RII see relative index of inequality
SEP see socioeconomic position
sex “A biological construct premised upon biological characteristics enabling sexual reproduction” (from Krieger N. A Glossary for Social Epidemiology, J Epidemiol Community Health 2001; 55:693-700.)
social class “Refers to social groups arising from interdependent economic relationships among people” (from Krieger N. A Glossary for Social Epidemiology, J Epidemiol Community Health 2001; 55:693-700.)
social deprivation see deprivation
socioeconomic position “An aggregate concept that includes both resource-based and prestige-based measures, as linked to both childhood and adult social class position” (from Krieger N. A Glossary for Social Epidemiology, J Epidemiol Community Health 2001; 55:693-700.)
socioeconomic status A term referring to prestige-based measures of socioeconomic position, as determined by rankings in a social hierarchy (from Krieger N. A Glossary for Social Epidemiology, J Epidemiol Community Health 2001; 55:693-700.)
spatiotemporal Of, relating to, or existing in both space and time.
spatiotemporal mismatch A mismatch of data derived from different sources that arises because of (1) inconsistency of boundaries between data sources and/or (2) inconsistency of timeframe between data sources.
transpose To reverse the orientation of a matrix, so that the values across the rows become the values down the columns, and the values of the columns become the values across the rows.
wealth Conceptually, wealth refers to accumulated assets.
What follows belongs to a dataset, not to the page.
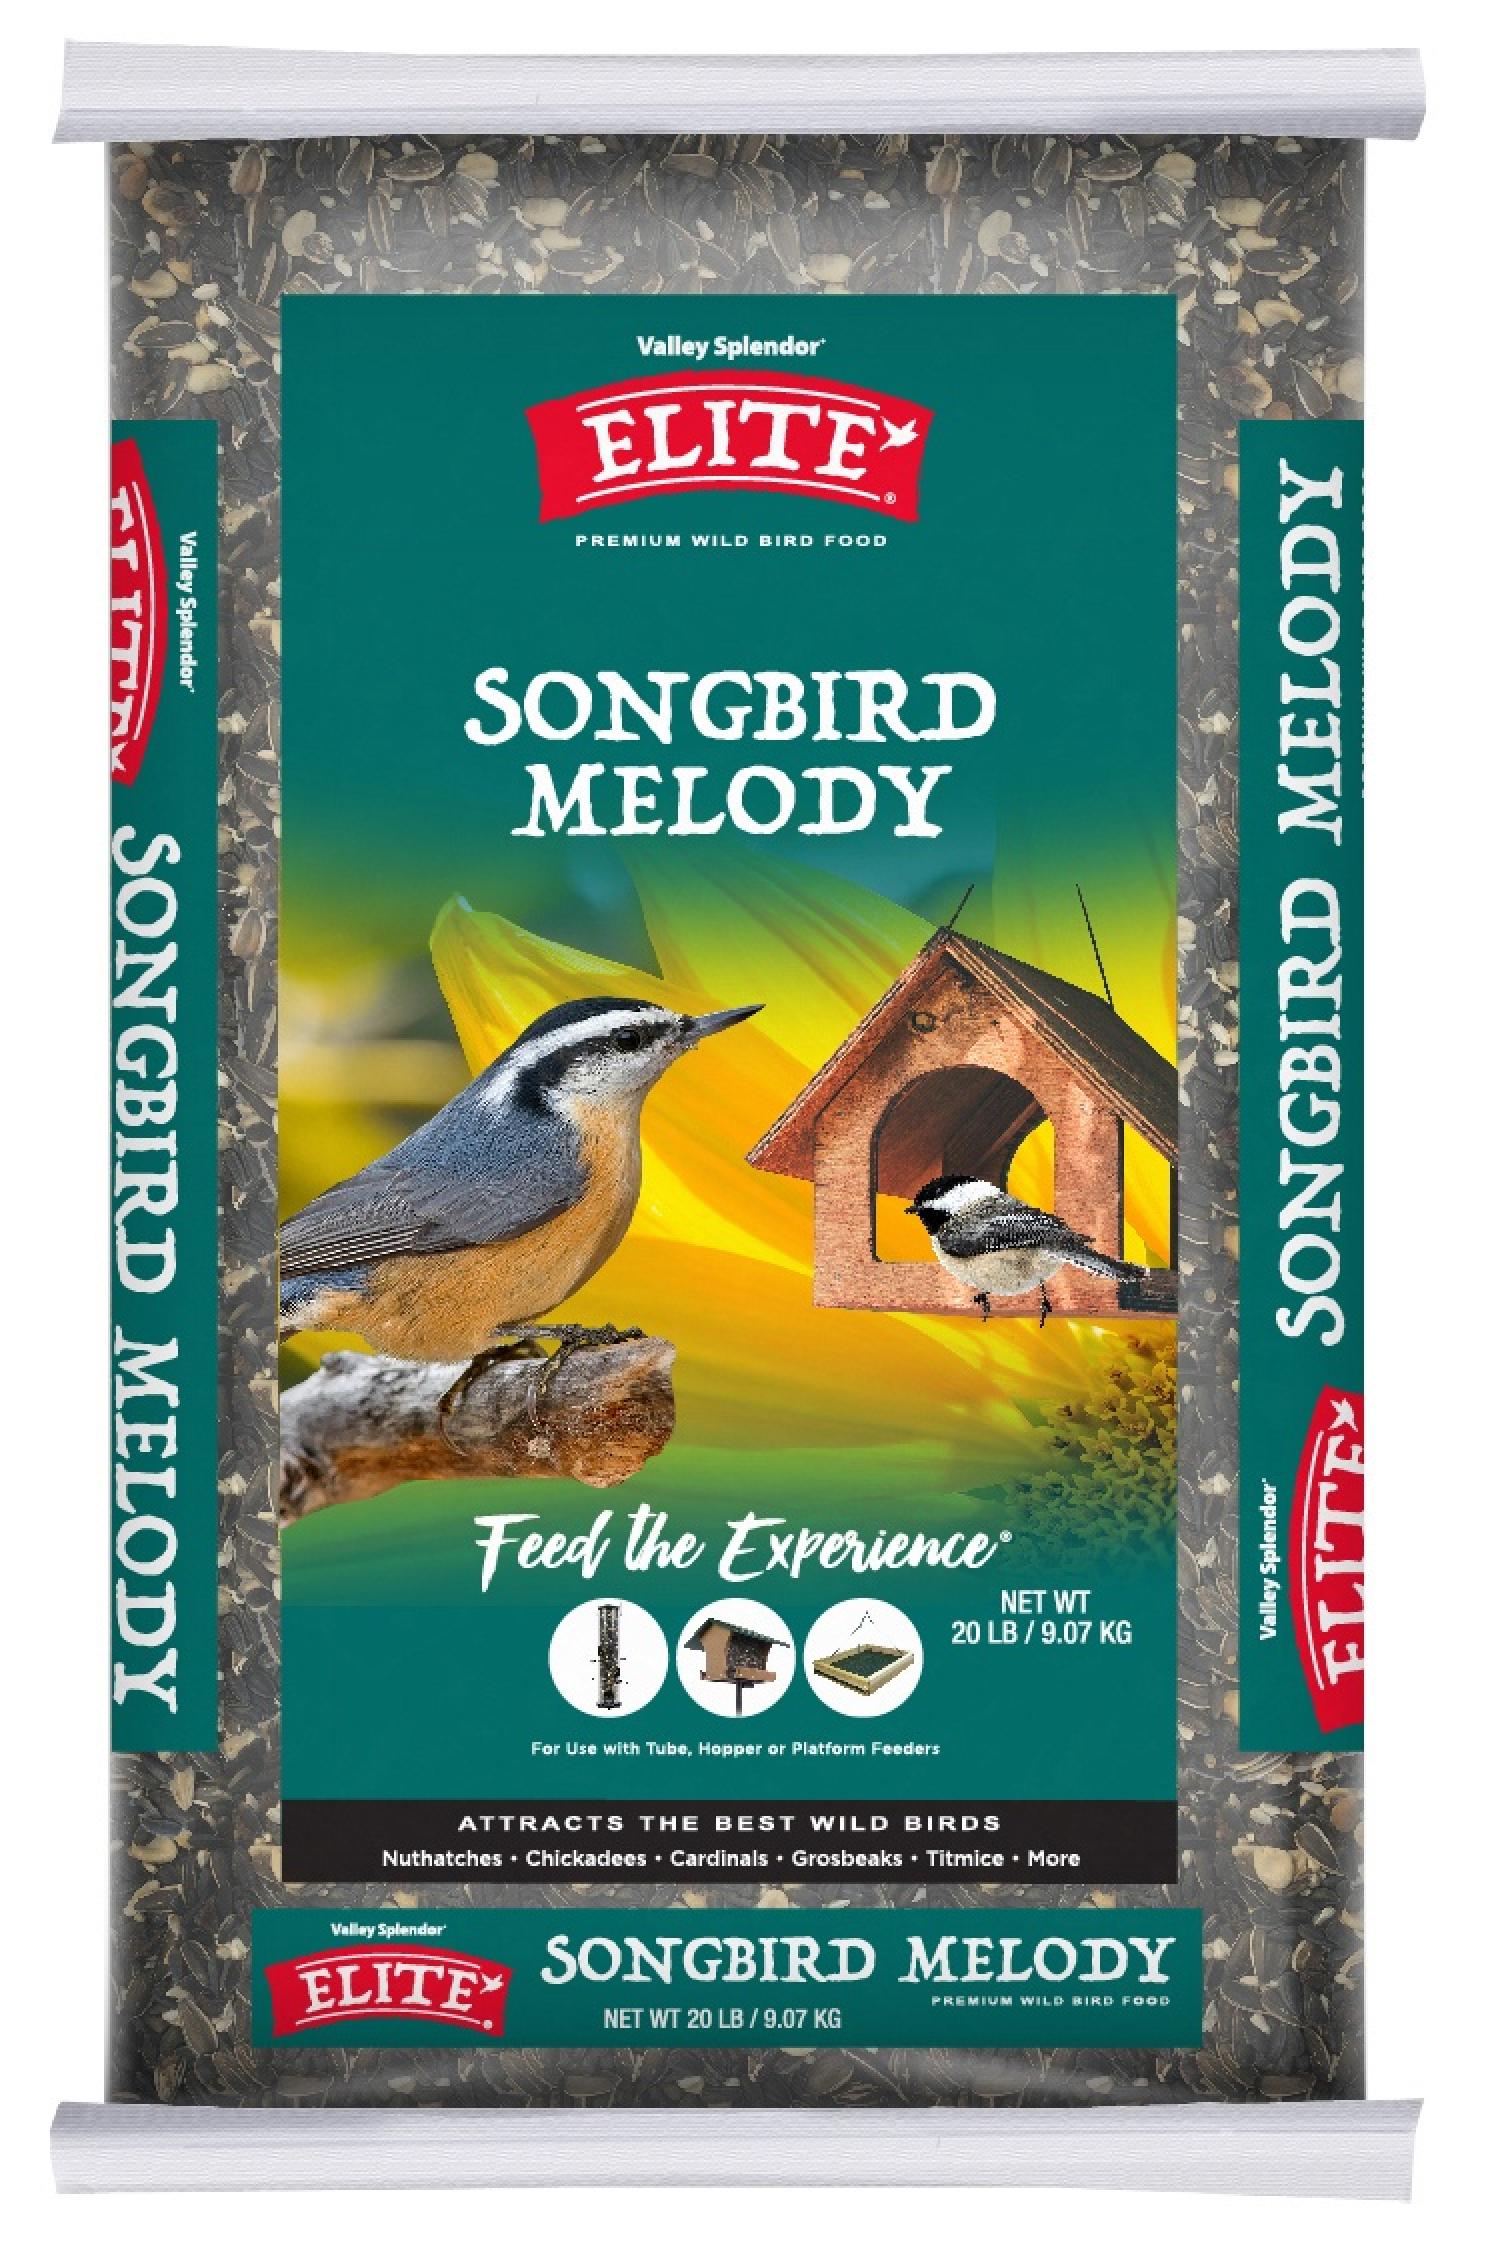 Valley Splendor Elite Songbird Melody

An ABSM to capture wealth is operationalized from census data as percent of owner-occupied homes worth more than 400% of the median value of owned homes.
ZCTA see “Zip code tabulation area”
ZIPcode “Administrative units established by the United States Postal Service … for the most efficient delivery of mail, and therefore generally do not respect political or census statistical area boundaries” (from Appendix A. Census 2000 Geographic Terms and Concepts).
ZIPcode tabulation area A statistical geographic area that approximates the delivery area for a U.S. Postal service Zip code. This approximation replaces the Zip code areas used by the Census Bureau in conjunction with the 1990 and earlier censuses.(from Appendix A. Census 2000 Geographic Terms and Concepts.)
Z-score Also referred to as Z-ratio or Z-value, it is equal to a value of X minus the mean of X, divided by the standard deviation.